When Corwin Hiebert from Abbotsford, BC, was 14 years old, he struggled with the same issues many youth find themselves up against: stress, fear, loneliness, disconnect from family and self-criticism. Fortunately, he was able to find some support to overcome these challenges. "My youth leader at church noticed I was withdrawing from my friends and school work," says Corwin, now 29. "He took time out of his schedule every week to meet with me, shoot pool or play guitar. His support gave me the self-worth I was lacking. My life was significantly altered as a result of his coaching." Corwin eventually became a youth pastor at Garden Valley Community Church in Kelowna, BC, where he ran activities designed to build a positive support network for youth. "Every single event or function within our youth programming calendar had a purpose: to help teens experience hope and find meaning in their lives. Many people don't experience those values and are scarred from never being encouraged by someone who cares for them."
While some people are lucky enough to have strong support networks through family, friends and community members, many youth don't have a group of supporters to help get them hyped. In fact, the reality for a lot of youth is exactly the opposite: they regularly deal with discouragement dished out by the people around them.

You may have experienced this from a parent who insists you'll fail at whatever you try to do, a friend who pressures you to make poor choices, or people who simply don't have time to help you become a better person. These situations can understandably leave you feeling frustrated, depressed, alone and doubting your abilities.

What's important to remember is that the people in your life may not be equipped to provide the support you need, and often their reasons for this aren't related to you in any way. Many adults are dealing with their own fears, biases and values acquired during their upbringing-ways of thinking and acting that may seem old-school in comparison to what you're experiencing in today's world.

And many adults need support too, according to Child and Family Canada, a Web-based collection of educational resources, which says today's parents often feel overwhelmed-juggling work and family responsibilities and trying to keep up with increasingly fast-paced lives. "Youth often have to deal with parents who are highly stressed by the end of the working day," one article on the site outlines. "Stress can undermine the quality of the interaction between parents and children."

Whether you're regularly doing pretty good, often feeling foul, or simply in need of a kind word from time to time, there's no doubt about the benefits of having a personal support network. These coaches are the people who offer encouragement, practical advice and a listening ear, all of which can help you feel confident as you make life decisions.
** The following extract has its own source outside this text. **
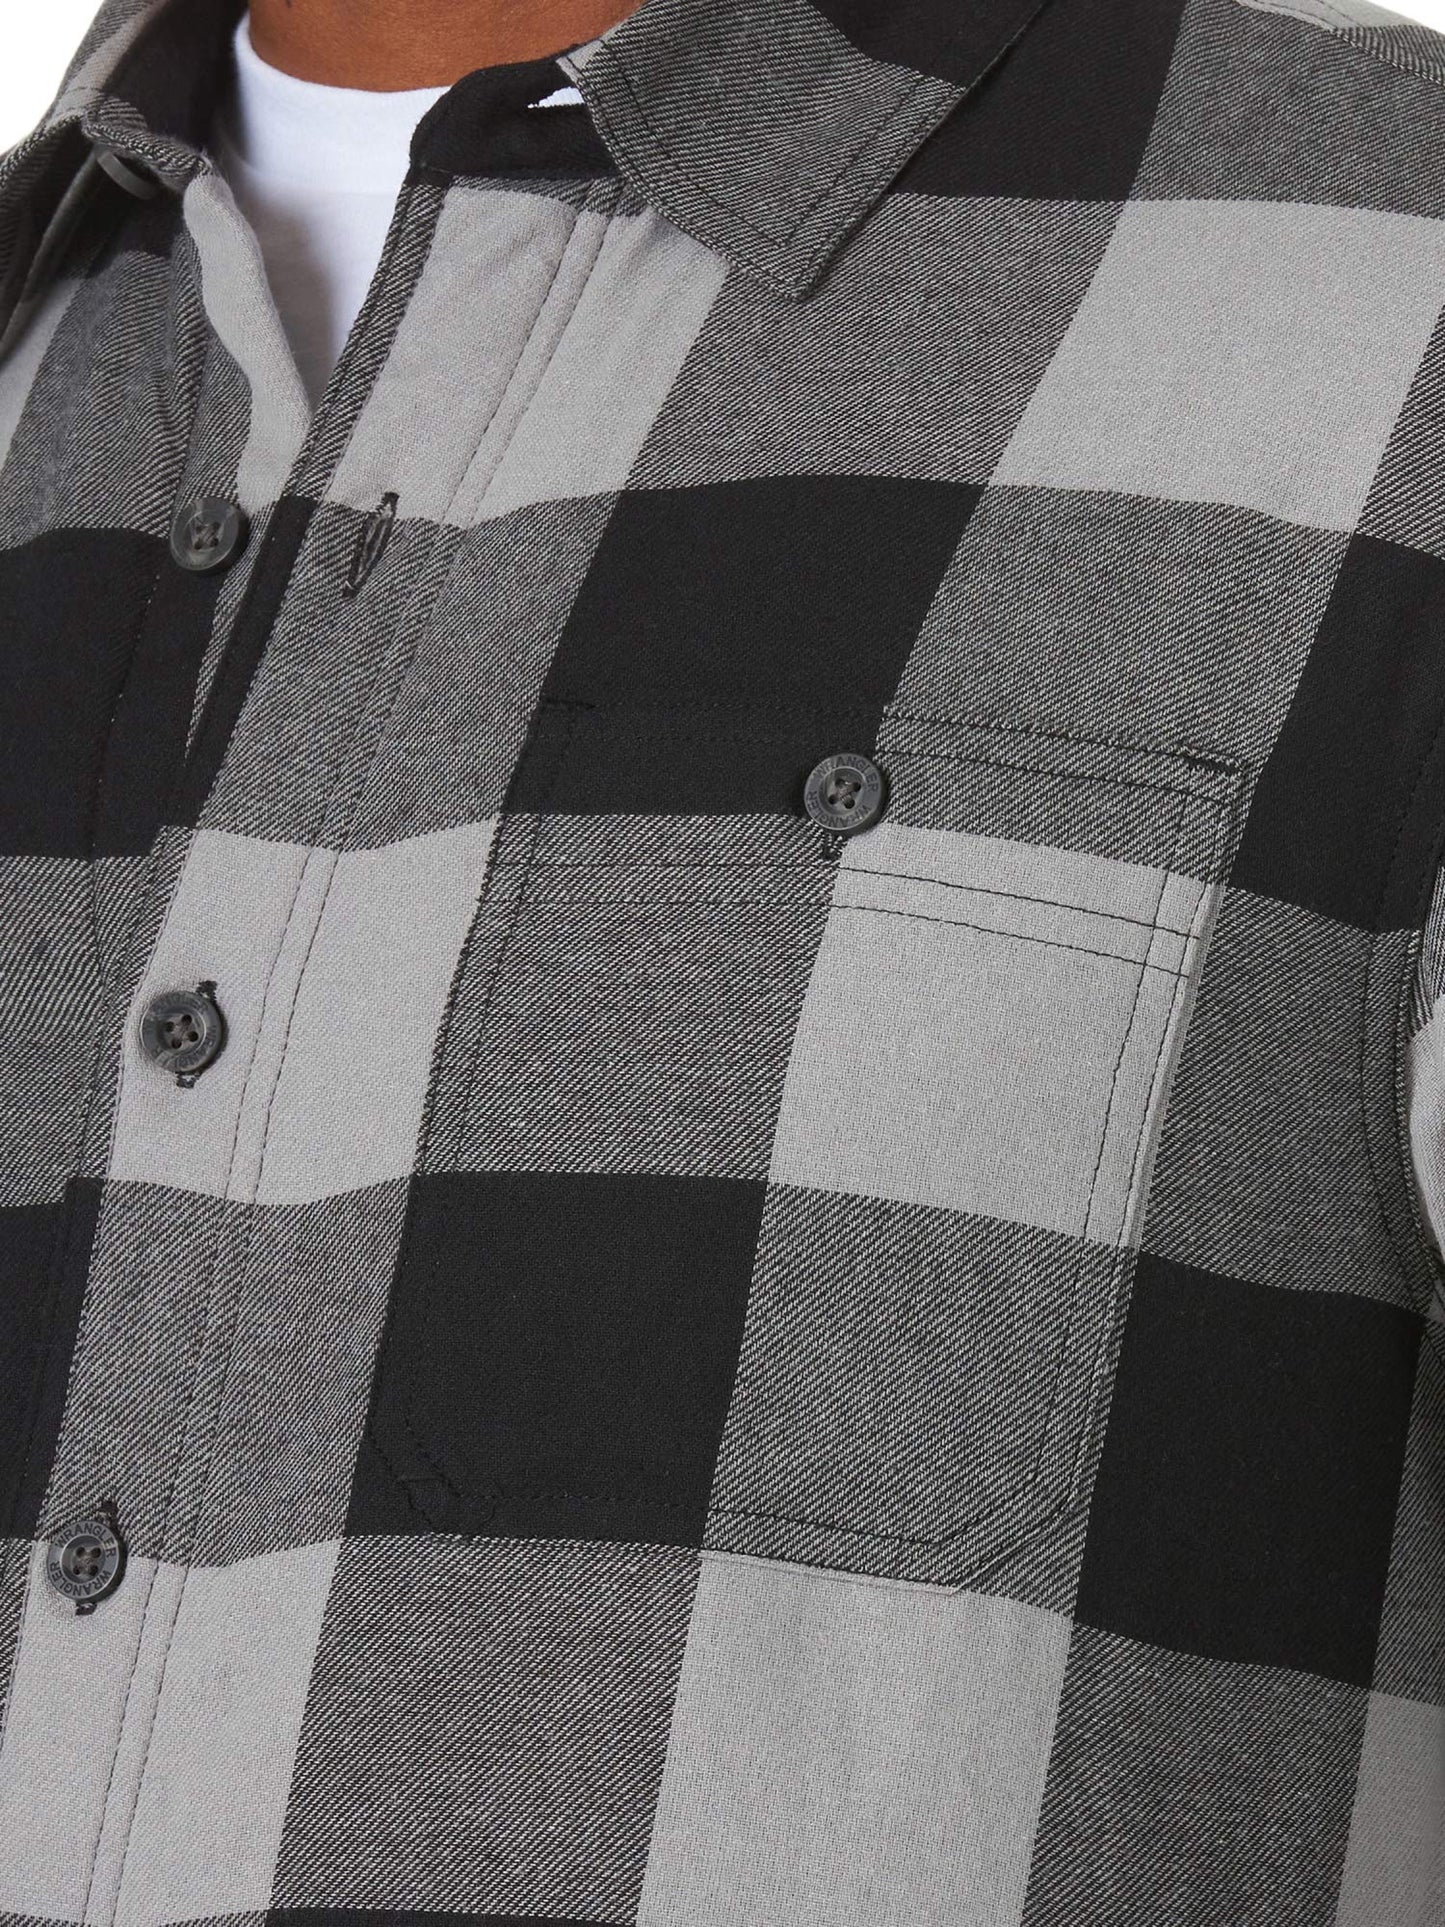 Wrangler Authentics Men's Long Sleeve Sherpa Lined Shirt Jacket, Grey Buffalo, Medium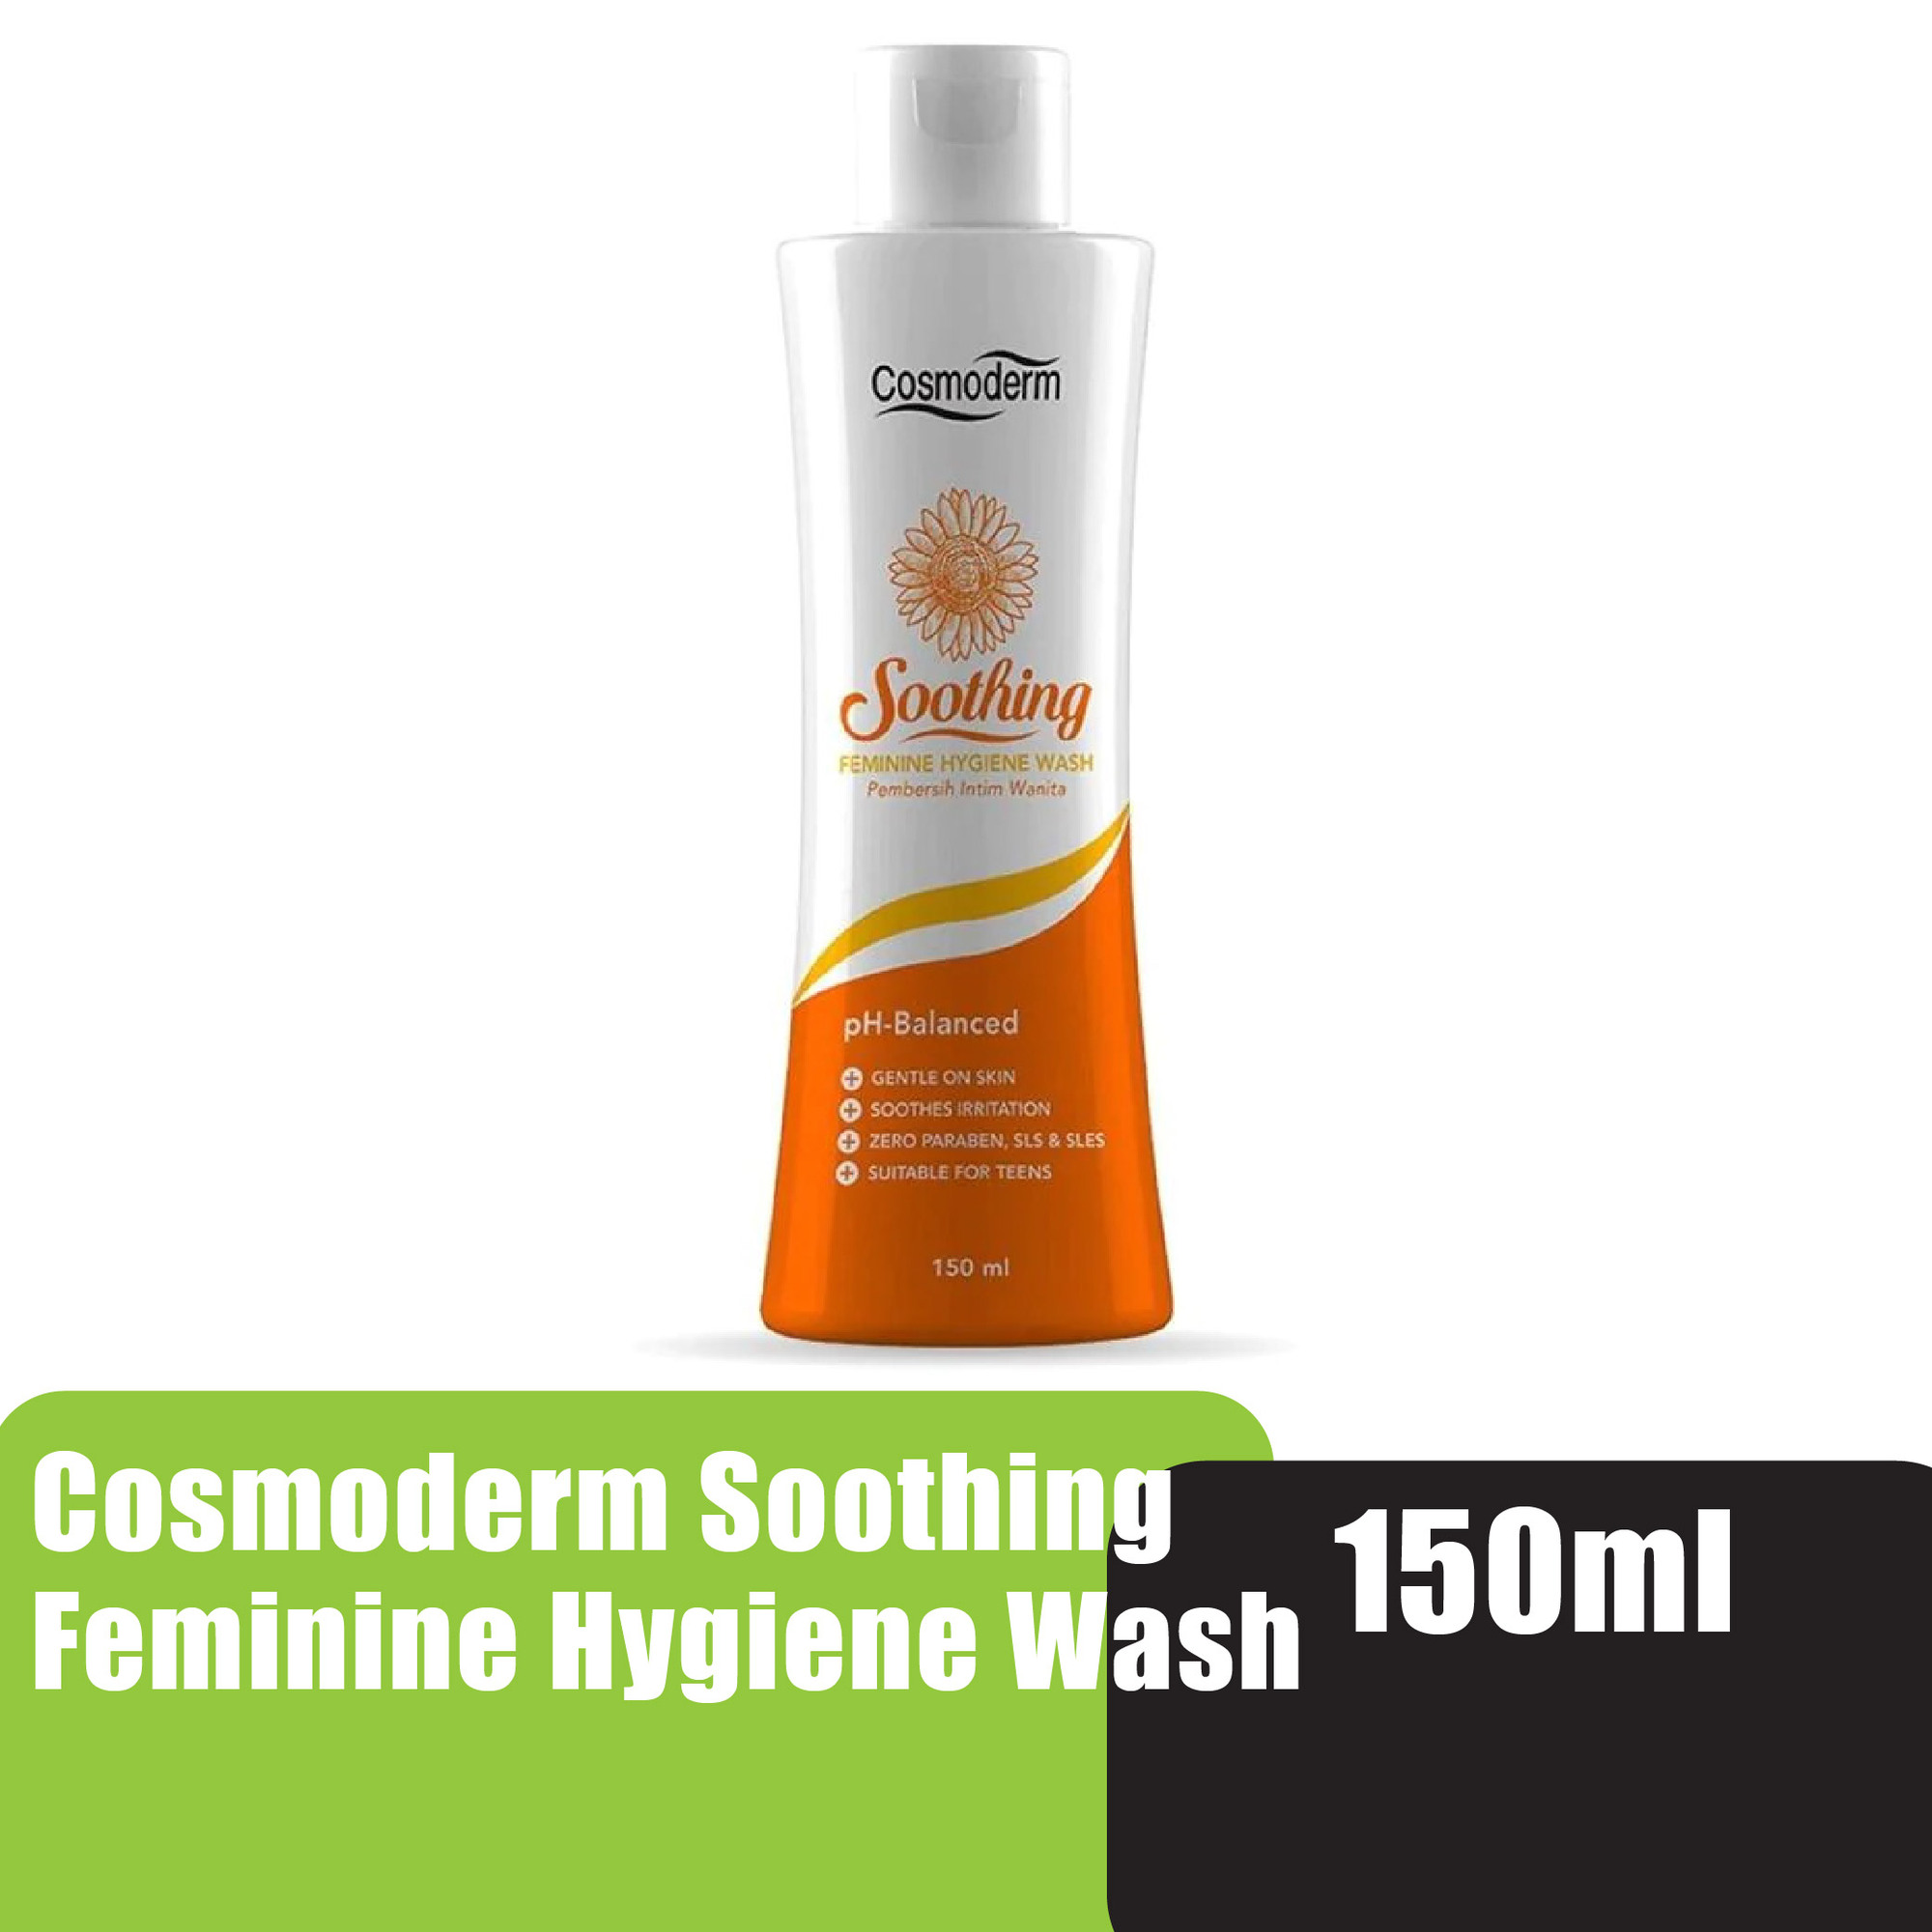 Cosmoderm Soothing Feminine Hygiene Wash 150ml

They may be family members, friends, teachers, counsellors, bosses or neighbours-generally anyone you trust who's genuinely interested in helping you succeed.
Many adults aren't aware of the negativity coming through when they're interacting with you, and others simply don't know how to talk with you in a positive and helpful way. But encouragement is a two-way street, and sometimes you have to encourage others to encourage you!

You can start building supportive relationships by letting people know how crucial their backing is for you. Try identifying one or two people who are important to you, and who are most likely to respond positively to your request for support.

When you approach them, be specific about your needs. Tell them exactly how you want them to help-whether it's providing advice, listening without judging or assisting you in working through a problem or making a decision. Be clear and firm, but also be respectful. Let them know that you value their opinion and their time.

Corwin says youth shouldn't be reluctant to push for encouragement. "Maybe your parents, siblings, grandparents or friends don't know you're looking for direction," he says.
He also suggests getting involved with a group of people who have a common purpose. "Find an organization that's doing something interesting and offer to help out. The longer you volunteer, the more connected you become to the members of your team, and the more value you'll place in that sense of belonging."

One way or another, we all need supporters, says Corwin. "Even the best golfer in the world, Tiger Woods, has a coach. If youth are expected to weather the storms of dealing with who they are and what the heck they're doing on Earth, then they should have the opportunity to be coached."

  1. Know When to Ask for Assistance
    While there's nothing wrong with being independent, it's crucial to know when to ask for help. If you feel like giving up, are losing interest in school, work and other activities, or if you're feeling frustrated, angry or unsuccessful, it's time to ask for some support.
     
  2. Choose the Right People for Your Network
    Be choosy about your coaches. Pick positive, upbeat and encouraging people who truly have your best interests in mind. Sometimes all you need is one good person to make a difference.
     
  3. Nurture Your Supporters
    Be sure to thank those who help you out and let them know how important their support is to you.
     
  4. Develop Your Inner Coach
    Build your sense of inner strength to boost your ability to get through difficult times. Focus on your strengths and surround yourself with people who will reinforce the positive.
     
  5. Make Use of Available Resources
    Access local programs, Web sites and community resources. Start by checking out www.workinfonet.bc.ca/youth for a ton of tips on getting connected to people and programs.